The old man laughed, his voice paper-thin and reedy. “My dear, we owe you nothing. Put that sword down before you put out an eye.” He still thought of her as that uncertain child, then -- that woman seeking purpose and meaning in the hands of death. But Eleeria was no longer so wanting; she had found her purpose, had found love and cherished it. She was not about to lose it again. A flick of her wrist and light magic surged for his form; the man leapt back, his robes catching fire. He rushed to put it out with a shriek of pain, as if she had struck at his very soul.
“I gave you Tellarian.” She took a step forward, and then another; the semicircle of the half-dead hovered, uncertain if their attacks would even reach her as sheathed in magic as she was. “I gave you thousands of souls. And you never brought to bear your own part of the bargain!” Eleeria lunged into melee, dodging a necromantic spell cast for her midsection -- the light shield around her cracked and splintered, and the men dove to dodge its pieces. She grabbed the head necromancer by the neck, lifting him to the air. His fingers found hers, her hand going numb; still she held on, refusing to let go, even as death crept into her being ever so slowly, halted by the magic in her own veins.
“What--what do you want, then, child…?” He struggled for air, and Eleeria knew if she wanted to, she could end him where he stood. Instead, she continued to hold onto him, staring him in the eye for a long moment.

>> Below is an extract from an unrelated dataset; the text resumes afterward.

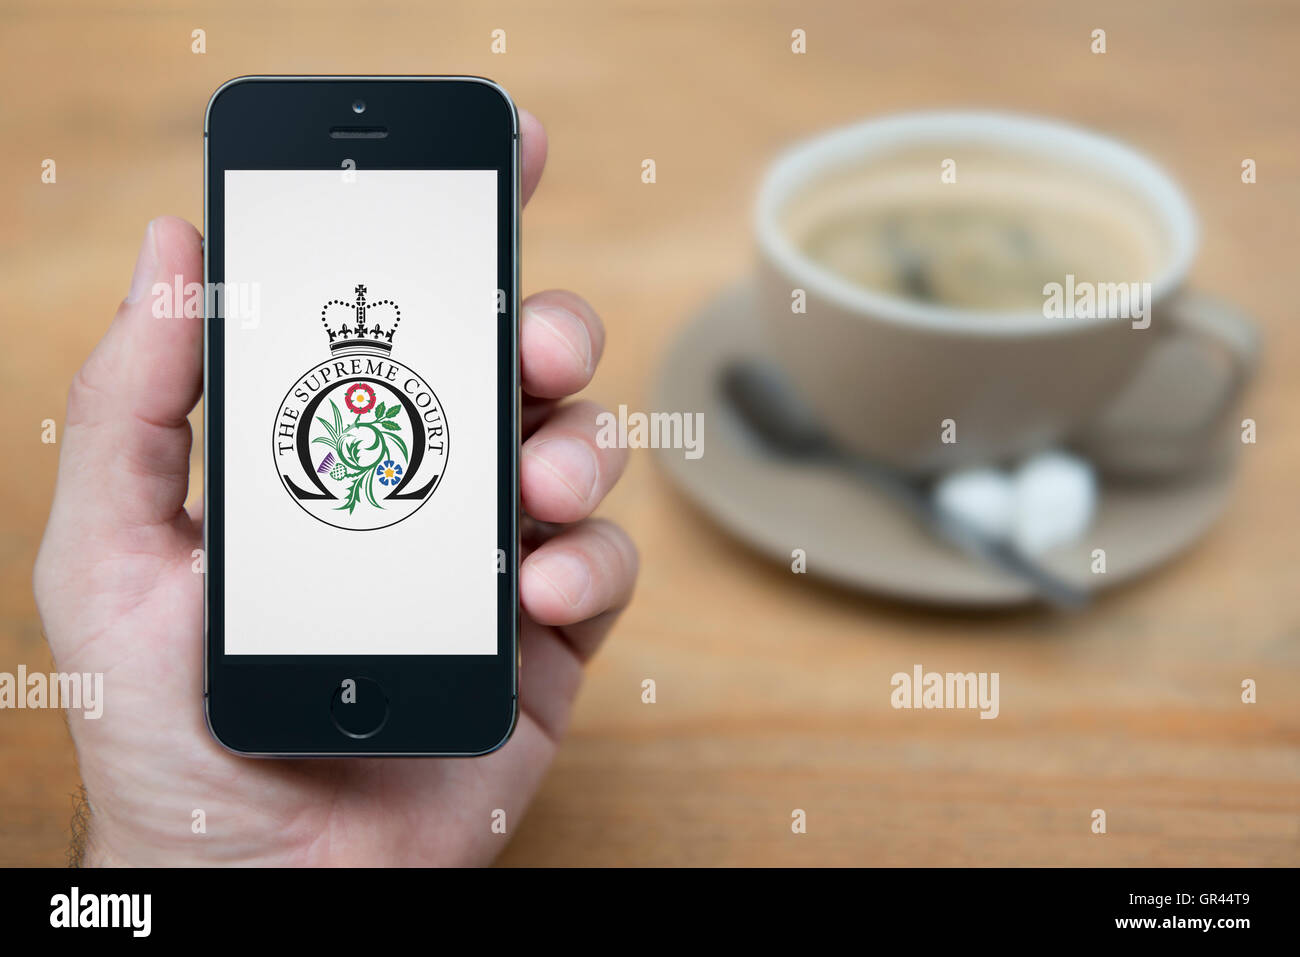 Un homme se penche sur son iPhone qui affiche le gouvernement britannique Cour Suprême crest (usage éditorial uniquement). Banque D'Images

“I never want to come back. Promise me, Eleeria-- promise me you won’t let them bring me back--”
She couldn’t keep that promise, after all. It was selfish; she was drowning in her own grief again like a bad recording of time and space, but unlike Erinius, this time, she could fix it. She could make everything right.
“Bring back Weleria Dawnsteel.” It was a dark pronouncement. “Bring her back to me. Tell no one who sent you to resurrect her.”
“You know that she will not be as she was...surely…?” Despite his imminent peril, the man smiled, cruel and unforgiving. “You are damning her to eternal unlife…can you live with yourself, paladin…?”
“I’m not a paladin.” Her hand clenched tighter, and he struggled, gasping. “I’m a fucking Blood Knight. The Light doesn’t own me; the Light doesn’t tell me what to do. So don’t sit here and try to moralize at me, because it doesn’t mean shit. Now…” Eleeria threw the man backwards, letting him slide across the ground. “Are you going to resurrect her? Or do I have to kill you off, one by one, until you comply? Bring her back and I’ll leave you in peace; deny me and I’ll make your half-lives a miserable hell.”
The men looked between one another in silence. To a man, they nodded. “It will be done. Leave us. You came to us with barely any time, and we must go to work.”
With a breath, Eleeria woke in her own body, staring across the broken bridge and the ravine below.